All right, try this on for size:
In betrayal mode, the race that you select at the start of the game (which is normally the one that is first to be spacefaring) is instead killed by you, completely. This game mode has a completely different agenda -- all that stuff with the federation doesn't even exist. You are able to have a population of robot-citizens under your control (like any other race), and you capture planets and so forth just like any other race would.
For the most part, a lot of your robots' attributes (racial compatibility, manufacturing rates, combat strength, etc) carry over from the race you exterminated. Your job is to then exterminate the other 7 races and take over the entire solar system for just you and your mindless robot servitors.
Instead of the Federation Progress window, there is an Armada Management window that lets you pay credits or resources for armadas (either building them or upgrading them), and assign them to various duties (guarding planets or outposts, or attacking enemy planets or outposts).
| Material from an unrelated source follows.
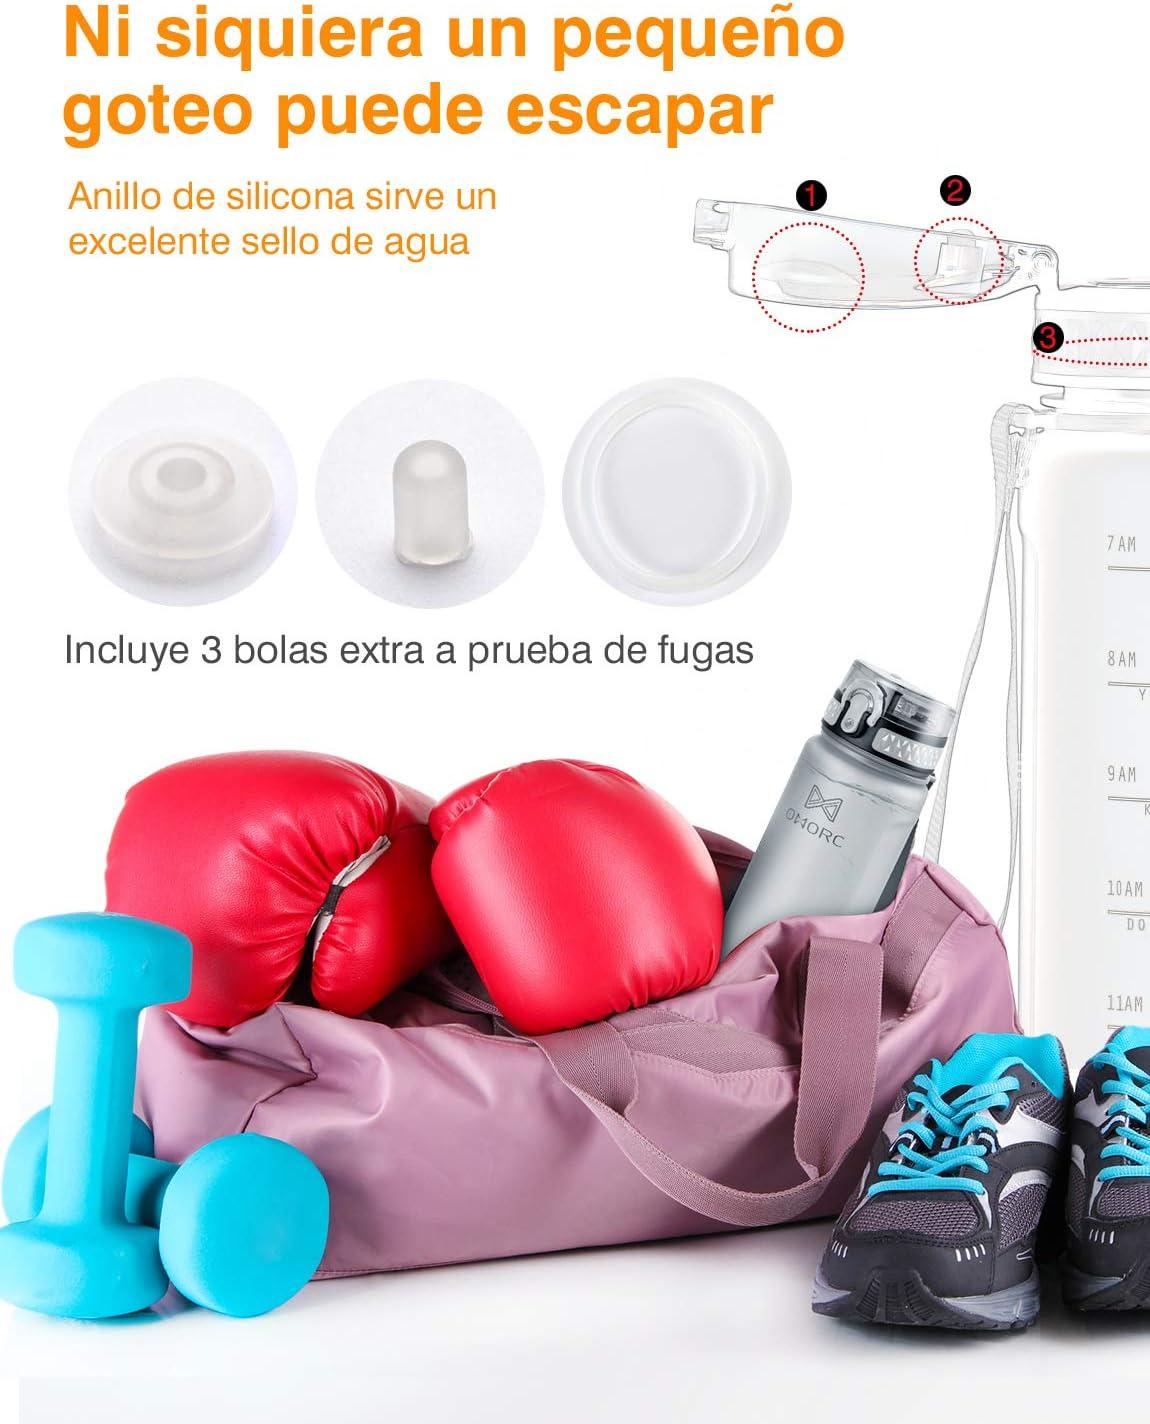 Botella Plastica Tritan Reutilizable Filtro 900ml Cepillo de Limpieza/&Marcador de Tiempo Botella Agua Gimnasio OMORC Botella Agua Deporte sin BPA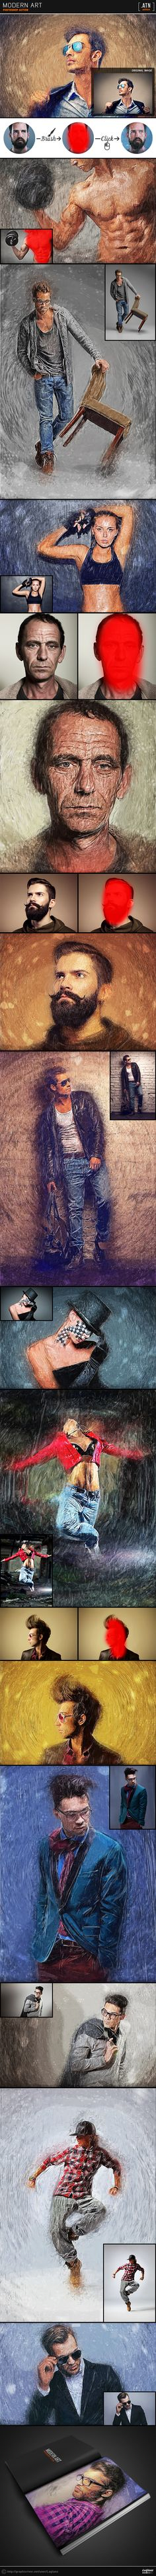 Modern Art - Painting Effect Photoshop #photoeffect Download: http://graphicriver.net/item/modern-art-painting-effect/14071490?ref=ksioks

In essence, the entire premise of the game (story-wise) is abandoned. This is your evil twin, so to speak.
It's cool, because so much of the game is the same between both, but your goals and how you utilize all the mechanics really differs because of the different endgame, etc. I'm pretty excited about it.
Invasion Mode is much less drastic of a difference, being a closer variant off the base game mechanics. But it also provides a pretty different flow, because you have to deal with the Obscura, a race that has obliterated one of the other races in that mode, and which is not a faction you can negotiate with. They're coming for everybody, essentially, and so that complicates matters because now you have the usual wars and whatnot, plus this whole other outside threat that is creeping in.